Having an open design, the physical model was replicated dozens of times worldwide (including Redwood Shores!), and each instance had subtle but substantial differences to the original structure, showing how an idea can be expanded and improved by interconnecting worldwide teams and adapt the model to the needs of a particular city/country.
From Smart to Safe
Then, Covid-19 begun to hit our lives. The Smart City concept morphed into something different: as a citizen I'd be less interested in knowing that the subway or my bus ride has a 4.2 minutes delay compared to the original schedule, and possibly be mindful in determining if I can take advantage of different urban services in a safe fashion, extending the safety protocols to closed environments (offices, university rooms, workplaces). And, matter of fact, this is the idea we'll be facing here, trying to build a lab as a tool to design safety-related use cases.

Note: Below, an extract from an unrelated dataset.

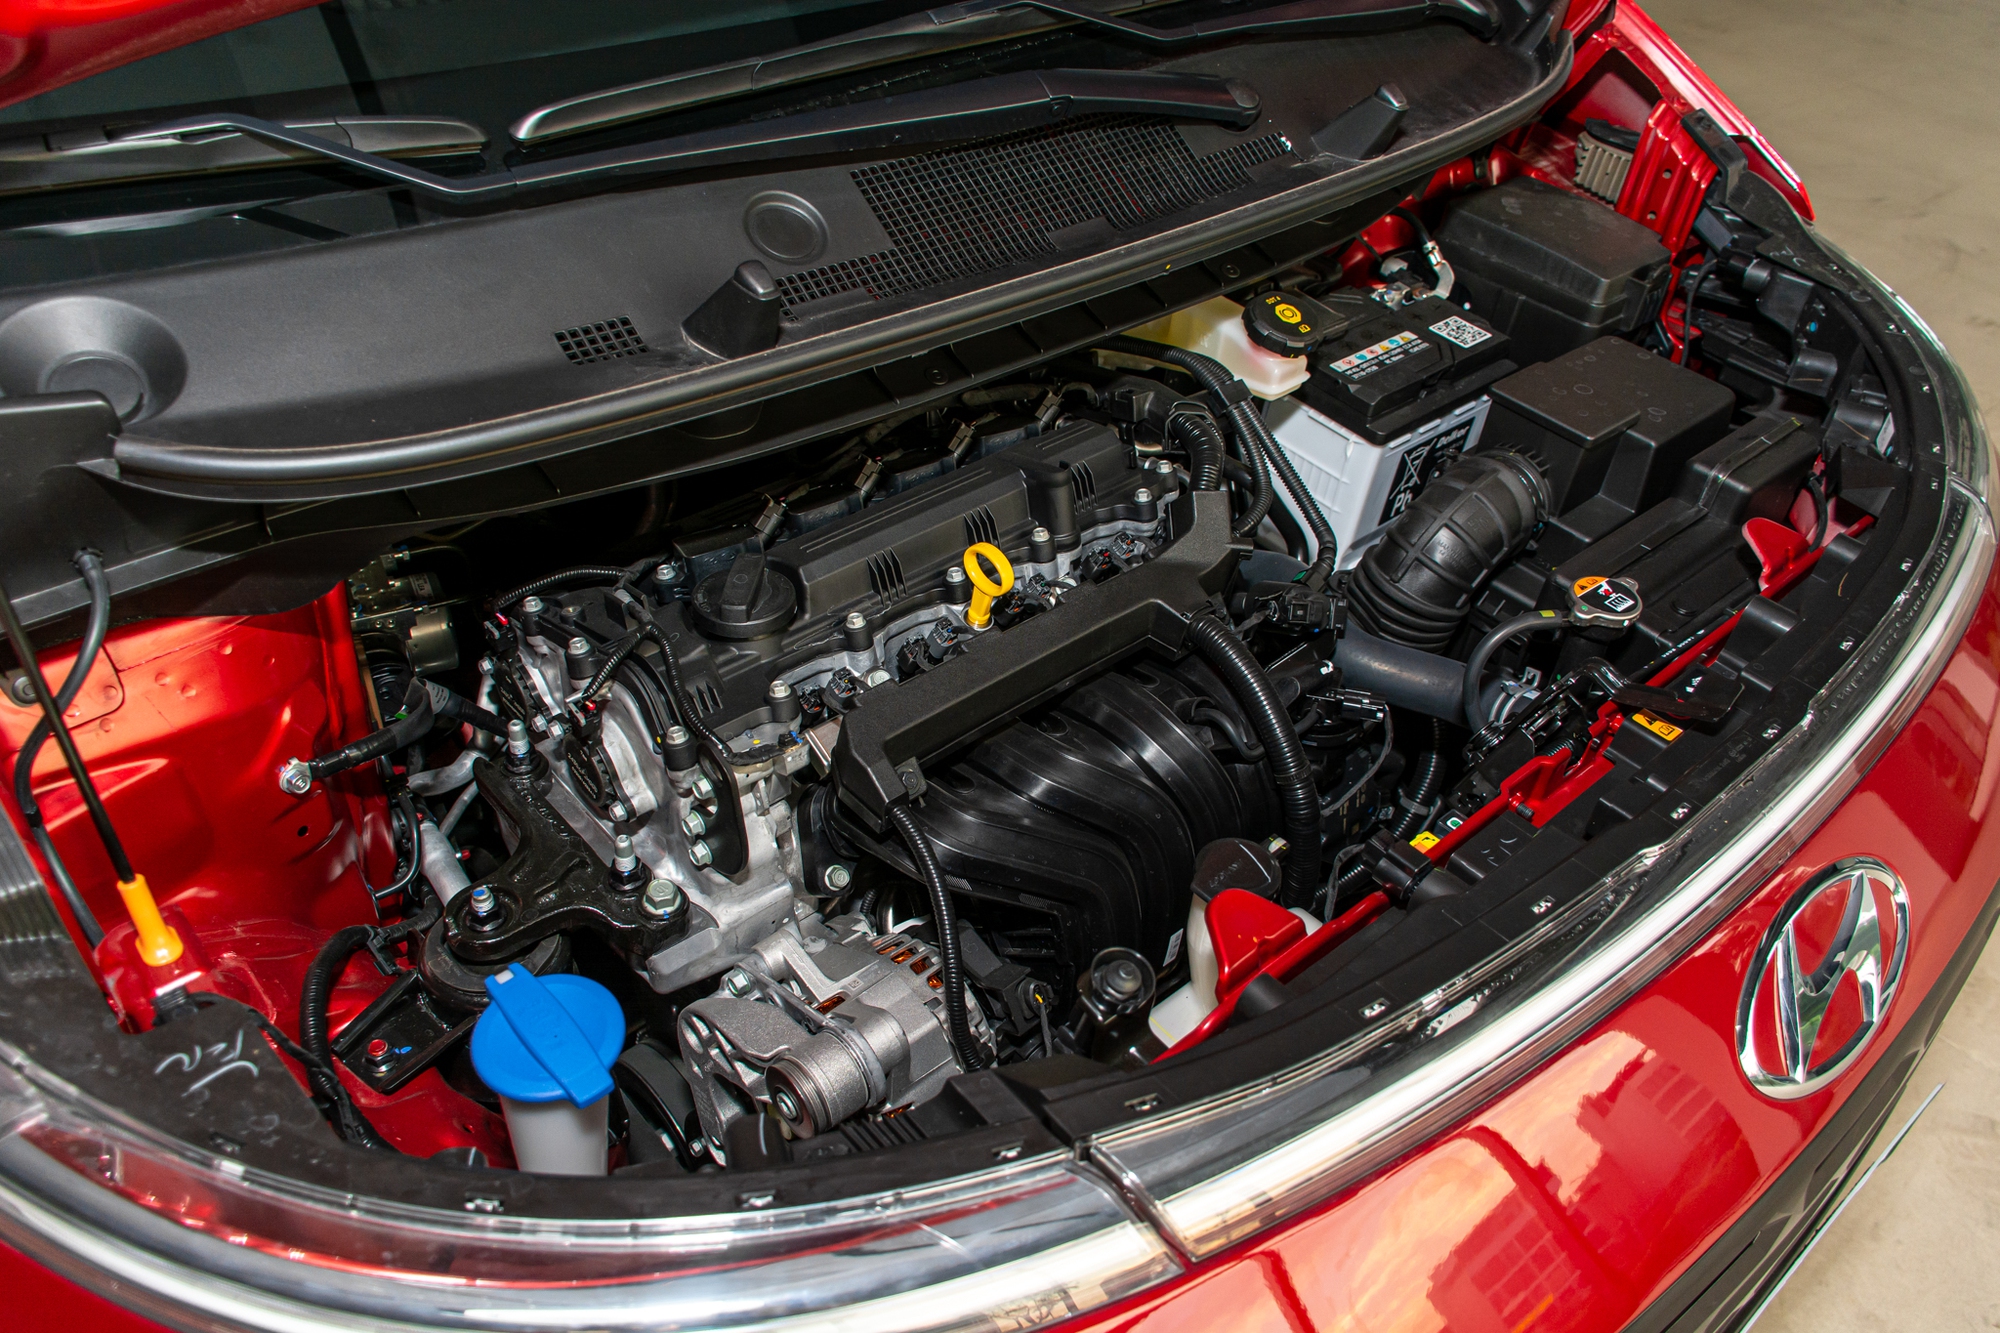 Chi tiết Hyundai Stargazer bản giữa giá 625 triệu đồng: Trang bị đủ dùng, thiếu gói an toàn chủ động - Ảnh 17.

Mutatis Mutandis, we'll modify the original patterns and configurations exposed with Proxima City to allow a Smart City Lab become a Safe City Lab, hence the name ProximaSafe. We'll explore a number of technologies involved in different areas - with Oracle Cloud Infrastructure at the core - to build a tiny lab that can be exploited to implement any new idea in something substantial.
Let's get rid of the generic and overrated 'Data is the new oil' catchphrase for a moment, we just need to mention the types of data - and their velocity - that a model can efficiently process in each of the stages involved in building a development lab:
In this context, we're going to elaborate and deepen the setup of distinct environments to reach our goal: conceive and design practical use cases related to safety procedures and protocols by continuously producing information from the edge, continuously analyze the streams of information sourced by the edge to detect anomalies and - then - store data in a repository suitable for Business Intelligence and data operations.
The logical representation of the data flow could be depicted (L to R) as the following:
Yes, that looks a lot like the three-staged diagram we used to build Proxima City. What's new then? We'll introduce a feedback route at the Stream Analysis level, where the errors or anomalies detection capabilities can be leveraged to send return messages to the edge and eventually activate some actuators - in a lab, that could result in the activation of a 'red flag' in a corridor, or messages displayed in a smart badge and a wearable device. What can we do with OCI and what's the relationship with microdevices present on the edge (i.e. in our lab)? The overall schema can be seen in this diagram:
where, on the left, the edge data from sensors are sent to a local Raspberry Pi running an MQTT server such as Mosquitto (our Gateway), who happily converses with its Mosquitto Cloud twin (Proxima Server). Then, sensors data are sent to the Streaming section and analyzed. The dark arrows path is the road back to the edge where errors are reported to execute local actions (issue warnings, trigger actuators, show alarms and other types of signalling to subscriber devices such as smart badges, alarm panels, etc.).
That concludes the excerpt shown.